--- Exercise data ---
^^^^^^^^

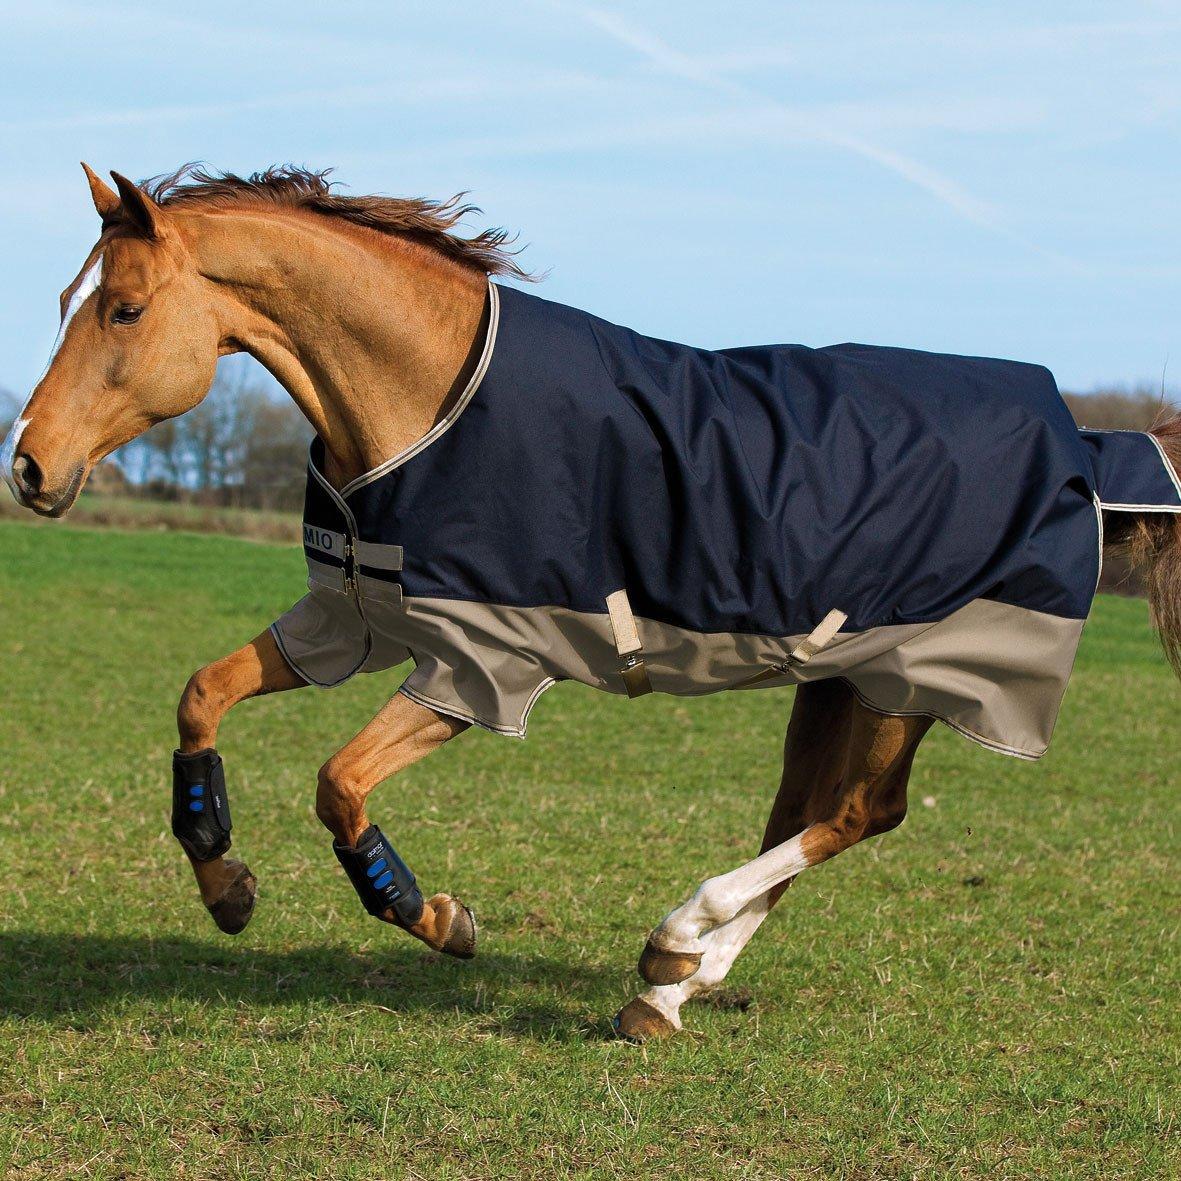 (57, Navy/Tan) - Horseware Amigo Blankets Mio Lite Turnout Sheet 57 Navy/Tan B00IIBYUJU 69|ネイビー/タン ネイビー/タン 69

^^^^^^^^

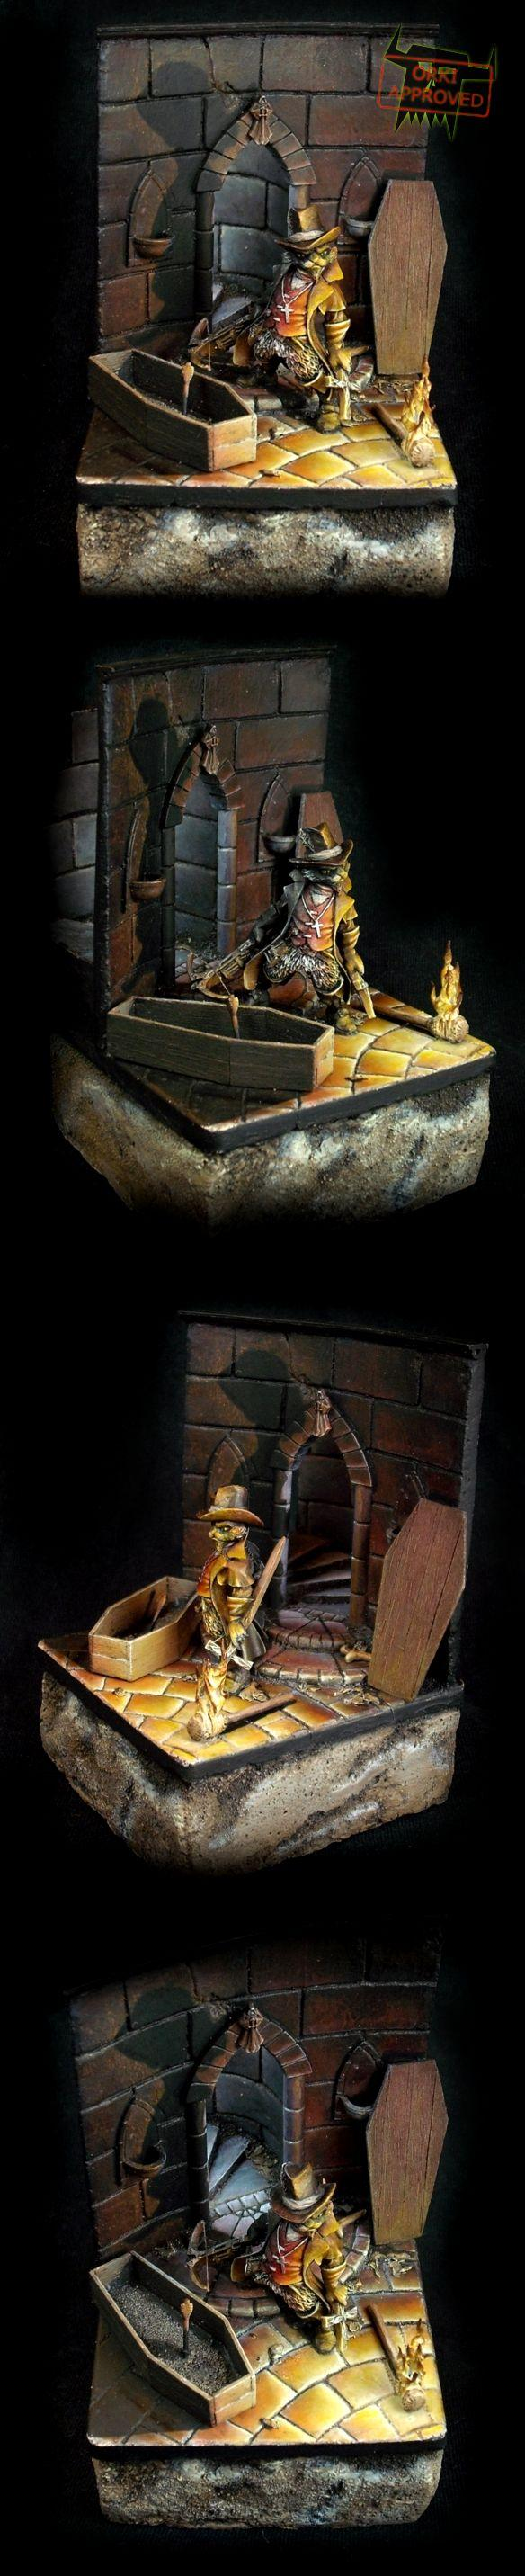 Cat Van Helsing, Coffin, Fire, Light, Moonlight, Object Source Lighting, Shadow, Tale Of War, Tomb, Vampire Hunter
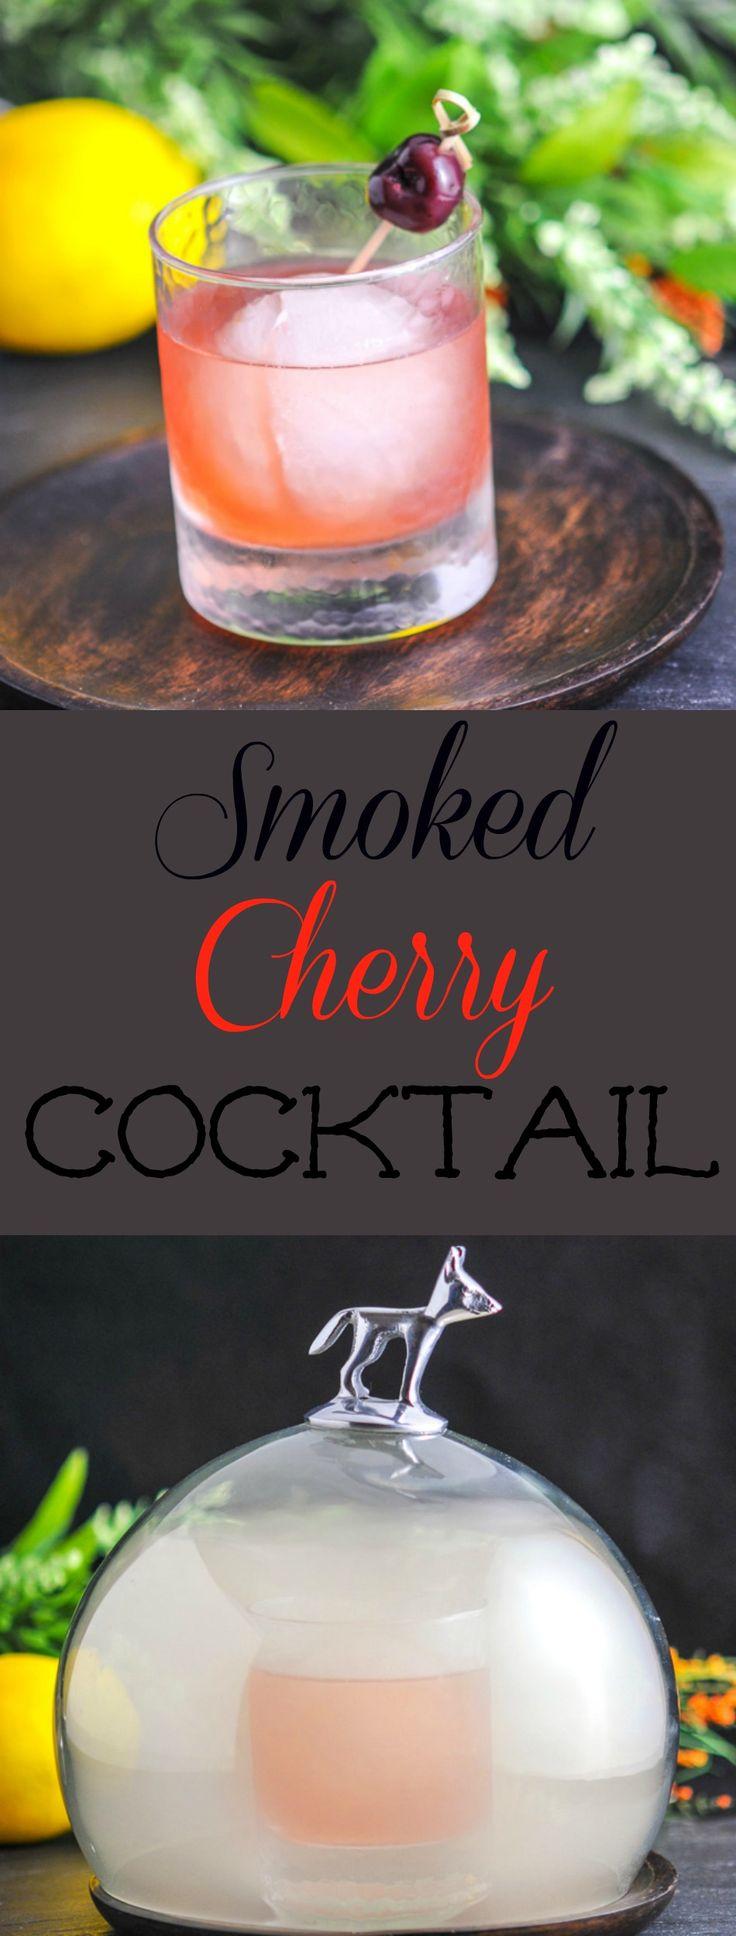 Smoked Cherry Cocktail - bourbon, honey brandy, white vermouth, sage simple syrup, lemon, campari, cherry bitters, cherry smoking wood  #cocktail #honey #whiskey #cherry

^^^^^^^^

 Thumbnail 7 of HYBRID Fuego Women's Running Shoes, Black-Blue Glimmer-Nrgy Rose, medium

^^^^^^^^

--- Exercise aim ---
Lines wanted from the entries above: the one with "Cat Van Helsing, Coffin, Fire, Light, Moonlight, Object", the one with "Smoked Cherry Cocktail", and all lines between. Please copy them exactly, without the pictures and without anything else.

--- Answer space ---
 Cat Van Helsing, Coffin, Fire, Light, Moonlight, Object Source Lighting, Shadow, Tale Of War, Tomb, Vampire Hunter
 Smoked Cherry Cocktail - bourbon, honey brandy, white vermouth, sage simple syrup, lemon, campari, cherry bitters, cherry smoking wood  #cocktail #honey #whiskey #cherry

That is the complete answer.